Design factors changing the diagnostic sensitivity of a measure[edit | edit source]

The more severe the illness, the easier it is to distinguish from other conditions. Factors affecting the severity of the target condition include the stage of illness, the severity of the presentation, and the use of broad or narrow target definitions.[81] For bipolar disorder, the variability in mood states further complicates the picture because the same illness may manifest with periods of euthymia, hypomania, mania, dysthymia, depression, or mixed mood presentations. Additionally, unlike most diagnoses, bipolar diagnoses persist even after the person recovers from an episode, technically being coded as “in remission.” Therefore, bipolar disorder is heterogeneous—spanning from high functioning people in remission all the way to severely disorganized behavior requiring psychiatric hospitalization.
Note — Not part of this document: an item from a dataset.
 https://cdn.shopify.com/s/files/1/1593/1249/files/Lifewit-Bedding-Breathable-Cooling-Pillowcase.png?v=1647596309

In practice, the severity of illness correlates with participants’ recruitment setting: inpatient samples have the highest average degree of mania, community samples the lowest average,[82][83] and outpatient samples usually fall in between. All else being equal, mania will be easier than hypomania to tell apart from ADHD or depression. Diagnostic sensitivity of tests will vary as a direct function of the severity of the illness.[81]
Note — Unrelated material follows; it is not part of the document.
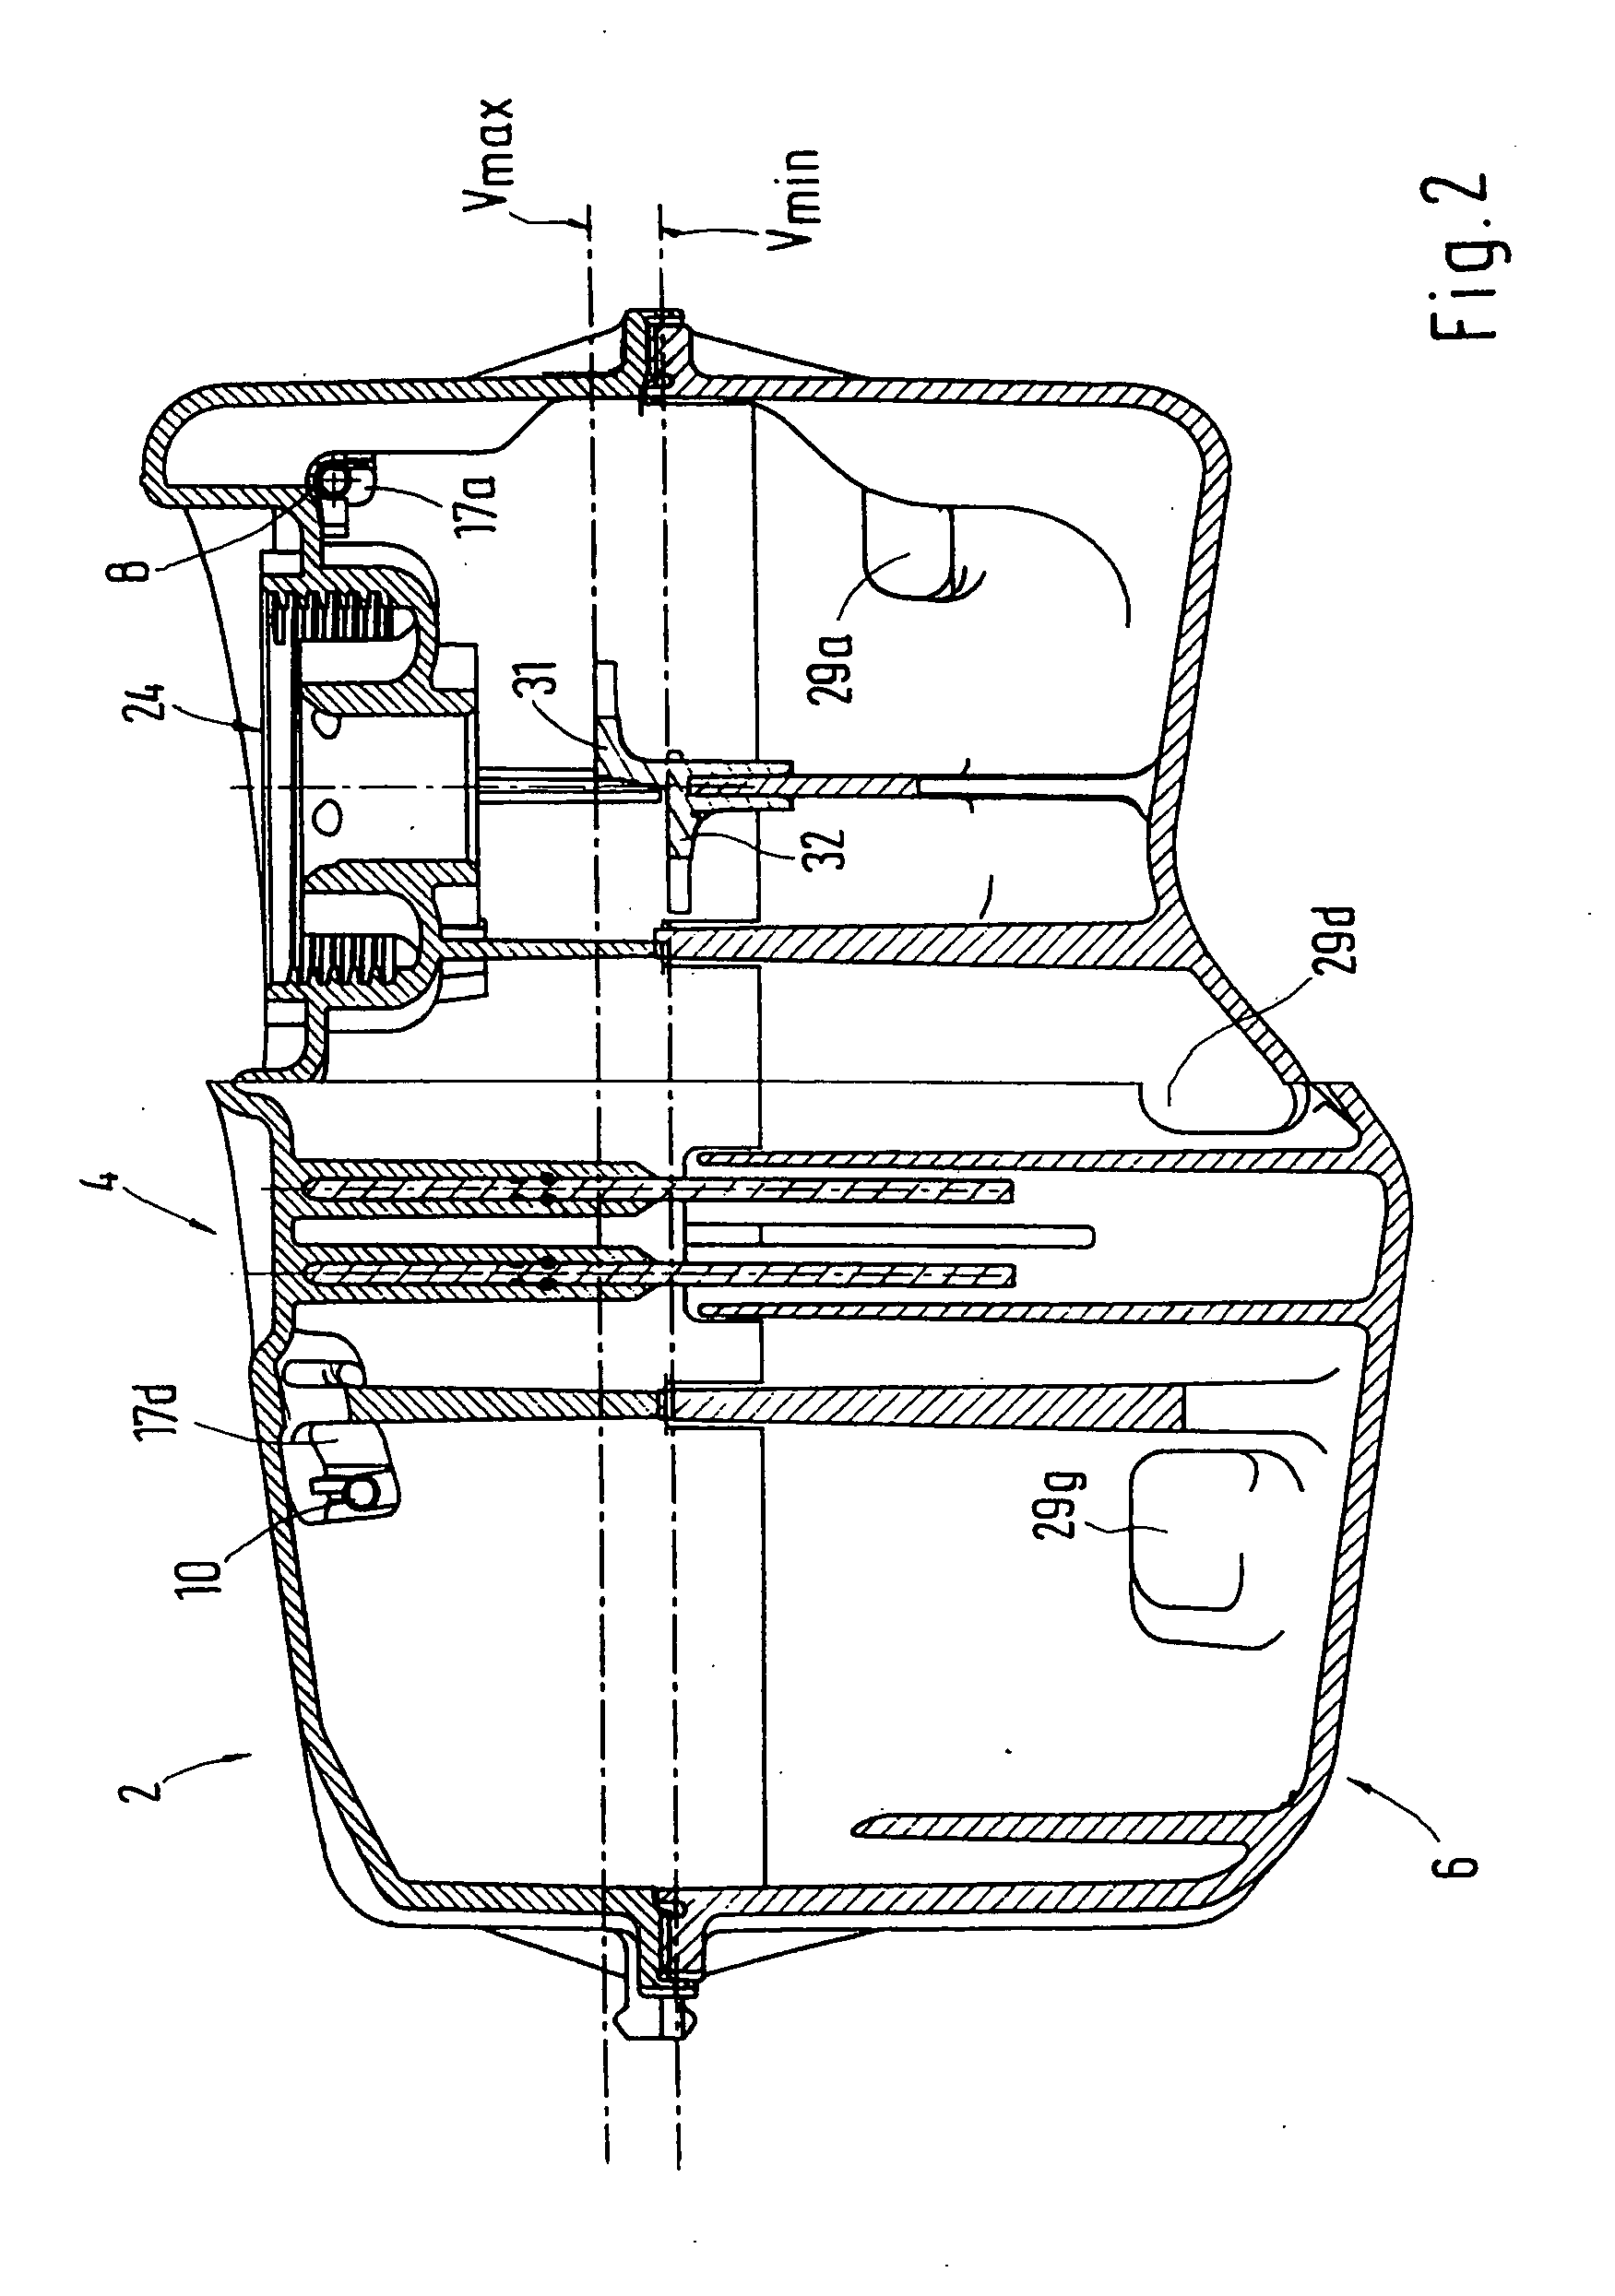 Compensation reservoir for a cooling circuit of an internal combustion engine

Similarly, the “broad” versus “narrow” definition of diagnosis plays a prominent role in pediatric bipolar disorder. The narrowest research operational definitions require the presence of elated mood and/or grandiosity, whereas irritable mood would be sufficient using DSM-IV and DSM-5 criteria (sometimes characterized as the “intermediate” phenotype).[84]At the other extreme, some groups may have relaxed the requirement of distinct episodes of change in mood or energy, potentially stretching the “broad phenotype” to include cases that do not share core features of bipolar illness.[85][86][43] Consequently, youth diagnosed using “broad” definitions of PBD are likely to be more difficult to distinguish from other cases than youth diagnosed using “narrow” criteria.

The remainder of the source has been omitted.